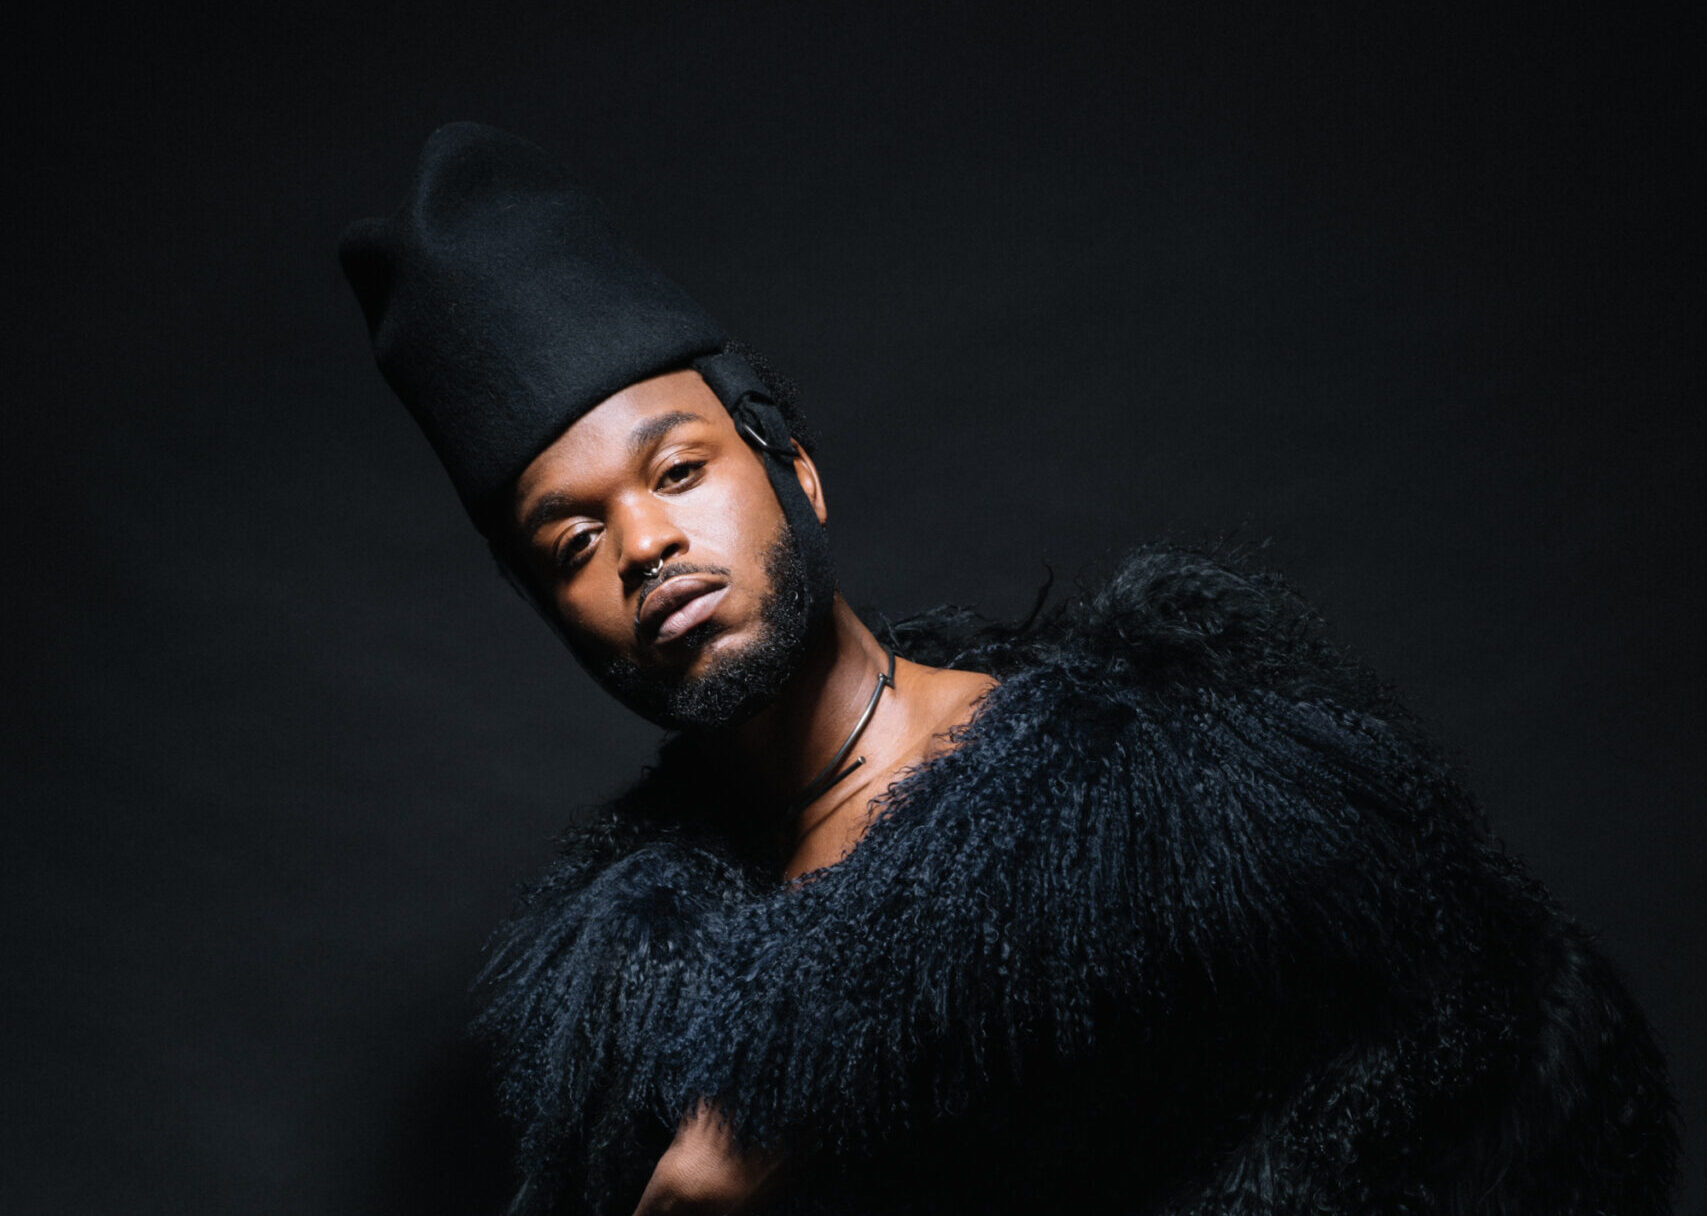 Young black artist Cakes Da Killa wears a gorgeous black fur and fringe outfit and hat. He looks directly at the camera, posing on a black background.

──────

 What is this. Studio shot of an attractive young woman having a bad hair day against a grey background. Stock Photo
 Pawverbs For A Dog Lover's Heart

──────

EXERCISE DETAILS:
From the entries above, restate word for word the lines from the line containing "What is this." to the line containing "Pawverbs For A Dog Lover's Heart", both ends included, and nothing more.

EXERCISE RESPONSE:
 What is this. Studio shot of an attractive young woman having a bad hair day against a grey background. Stock Photo
 Pawverbs For A Dog Lover's Heart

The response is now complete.